Just 75 years ago, women were told that the source of a good, satisfying life was marriage and a family. Women who went to college were expected to marry, have children, and focus their attention on raising those children. Today, we reject that model adamantly and with a certain degree of horror. “Women are more than that,” we say. “We need strong, independent women,” we chant.
We talk about equal employment. We talk about leaning in and getting our voices heard. And we talk—often and loudly—about equal pay. These topics come up everywhere: in newspaper articles, in conversations with family, and in panel discussions like the one Spectator held on April 6. I do not doubt that these are critical topics, and I believe that any conversation about gender equality and dynamics is valuable. And I certainly will not deny that, both financially and emotionally, equal pay for women is a necessity.
But it is not everything. College women are now being exhorted to find high-paying corporate jobs in the same way that they once were urged to find a husband. Media, technology, finance, business—these are the fields that allow women to make that money, so this is clearly where women need to go. One of the panelists at the Columbia Women's Leadership Conference specifically told her mostly female audience to go into the tech business because “it's a good job. You can make a lot of money.” Of the 50-plus information sessions that the Barnard Career Development office lists as having been held last semester, more than two-thirds of them were related to business, finance, and technology. A small handful were related to education, but none above the high school level.
What does this say to college women? That they should aspire to these careers above all? That a big salary should be their priority? Of course, I recognize that a certain degree of financial stability does facilitate happiness. But there are plenty of miserable wealthy people, men and women alike, in this city alone to prove that it is not everything.
Men are not pushed with this same degree of urgency into such careers. There is a sense that men can choose how they want to be successful, that they can find a satisfying life in any number of careers.
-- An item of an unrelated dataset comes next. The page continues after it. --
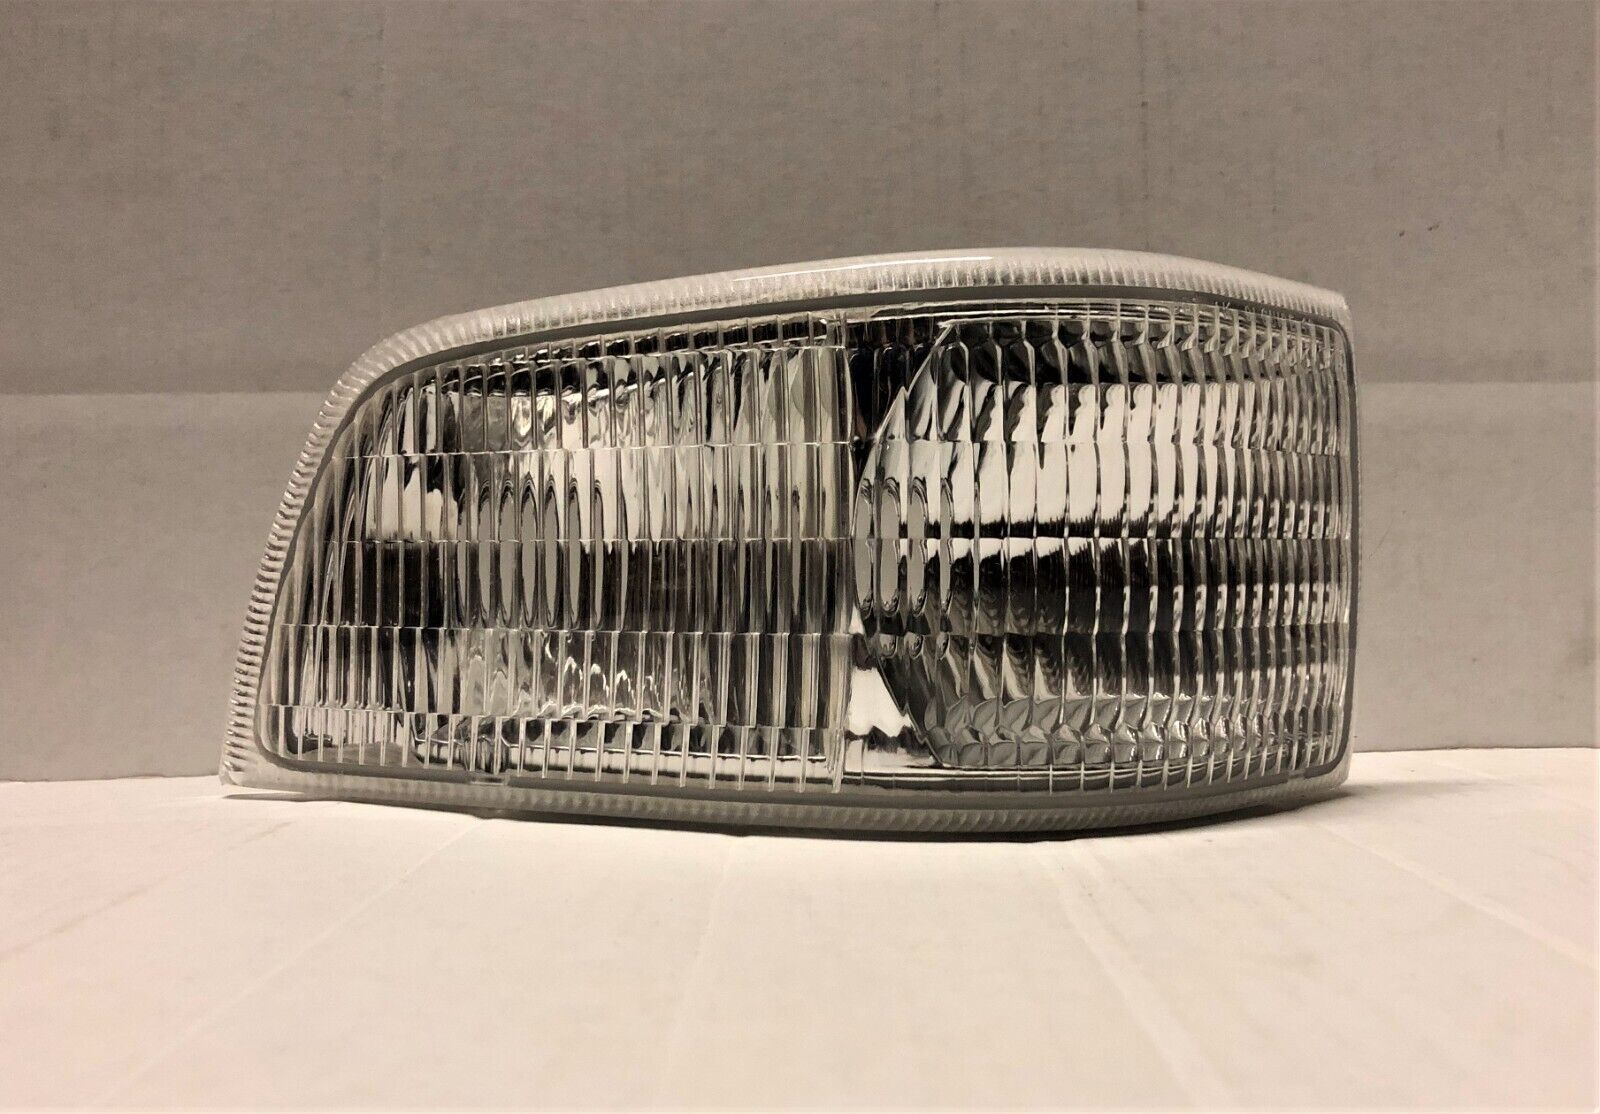 GM Corner Lamp Assembly #5975840 - Buick Roadmaster ('92-'96) - Passenger Side

But apparently women need high-power positions in high-power corporate companies to be successful.
So what happens to the women who want to be artists, academics, intellectuals? What about women who want a place in a male-dominated field—from choreography to academia—but do not want to don business suits and high heels? What about women who do not lust after a corner office as the symbol of a life well-lived?
Women are no longer pushed into motherhood as the only means to a fulfilling life. But there is a whole new kind of pressure on American college women today: the pressure to climb the corporate ladder, to reach for ever higher-paying jobs in media, technology, and business. What about the women who aspire to more than that, or to something different? The idea seems to be that women who do not want to challenge men in the corporate world are taking the easy way out, or not pushing themselves as hard, or are content to let men run things. But since when is academia easier (whatever that means) than media, or being an artist more conformist to traditional roles than being a banker? It is time for a panel of female professors, artists, and critics. Let's not lock today's women into a higher-paying and more powerful, but equally confining, version of the lifestyle in which our grandmothers were trapped.
The author is a Barnard College sophomore majoring in history.